Liver cancer: new advances in diagnosis, staging and treatment

Liver cancer: new advances in diagnosis, staging and treatment


Data presented at the 2014 International Liver Congress focus on new approaches for improving diagnosis, staging & treatment of hepatocellular carcinoma (HCC).

Improving hepatocellular carcinoma patient outcomes

"Human hepatocellular carcinoma is one of the most prevalent cancers worldwide and the second most frequent cause of cancer-related death," said EASL's Scientific Committee Member Dr Helen Reeves Senior Lecturer & Honorary Consultant Gastroenterologist at Newcastle Hospitals NHS Foundation Trust, UK.

"Because HCC is such an extremely diverse and heterogeneous disease, improving patient outcomes has proved a difficult undertaking. A number of existing therapeutic options have been subjected to rigorous study but have not shown any patient benefit. The findings from these HCC diagnosis, staging and treatment studies are important because they have the potential to significantly improve patient outcomes," Dr Reeves explained. Key findings from the studies include:

  • the need for centrally-coordinated screening programs across Europe
  • the potential of "gadoxetic acid"-enhanced MRI to more accurately stage HCC patients with early disease to ensure each patient receives the optimum treatment
  • the development of a 3-gene signature blood test, which can be used as an alternative to imaging techniques to reliably identify early stage HCC in high-risk individuals
  • impressive long-term data reinforcing the importance of "percutaneous radiofrequency ablation" treatment in the HCC treatment armamentarium, including its use in the treatment of advanced HCC where a single HCC is associated with thrombosis of the main portal vein.

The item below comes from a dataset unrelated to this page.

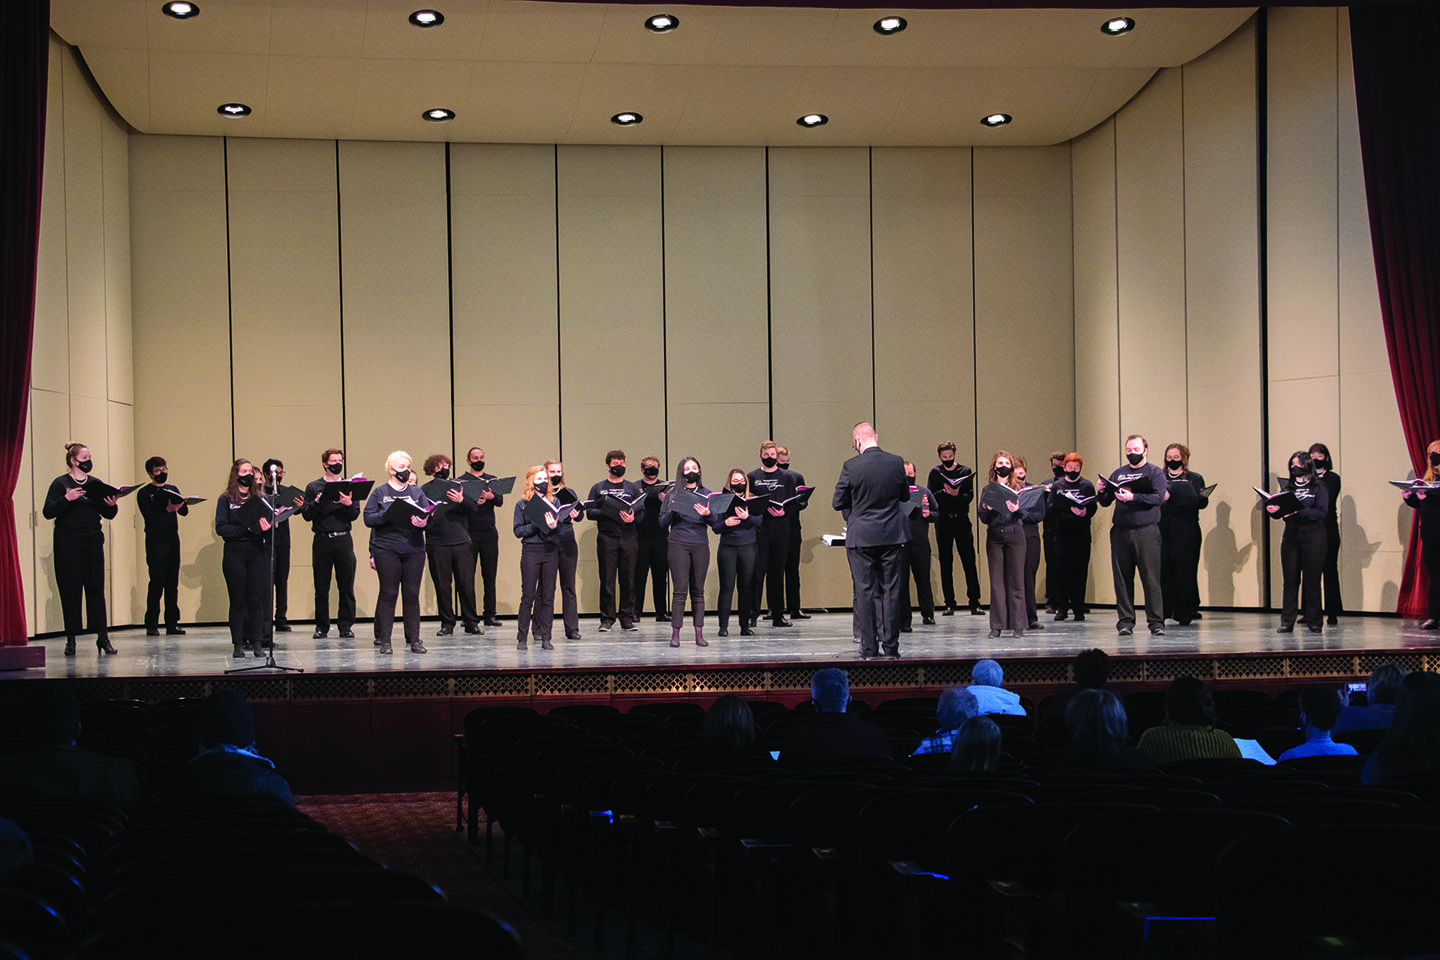 USD Chamber Singers perform at Spring Choral Showcase

Detailed statistics on HCC

Wide geographical variation in HCC survival may be explained by differing intensity of country screening programs. In Japan, approximately 80% of hepatocellular carcinoma (HCC) cases are detected by screening. In marked contrast, the figures for the UK, Spain and Hong Kong data were significantly lower at 15%, 35% and less than 10% respectively.

There was also a dramatic difference in the stage of disease at diagnosis. In Japanese patients, 59% were within the "Milan Criteria" (generally accepted set of parameters designed to assess the suitability of HCC patients for liver transplantation) and 71% were suitable for potentially curative treatment. Comparative figures for Spain were much lower at 26 and 32%, the UK 37 and 38% and Hong Kong, 8 and 16%, respectively.

Median HCC survival for Japan, Spain, UK and Hong Kong were 47, 26, 20 and 7 months respectively.

As Dr Reeves explained, the wide geographical variation in survival among HCC patients had been attributed to intrinsic ethnic differences, different reasons, or disease stages at presentation. "However, age, gender and Child-Pugh class distribution were all similar between the HCC patient populations from each of these four countries." Statistical analysis showed that the cause of the disease had little impact on survival, as Dr Reeves mentioned.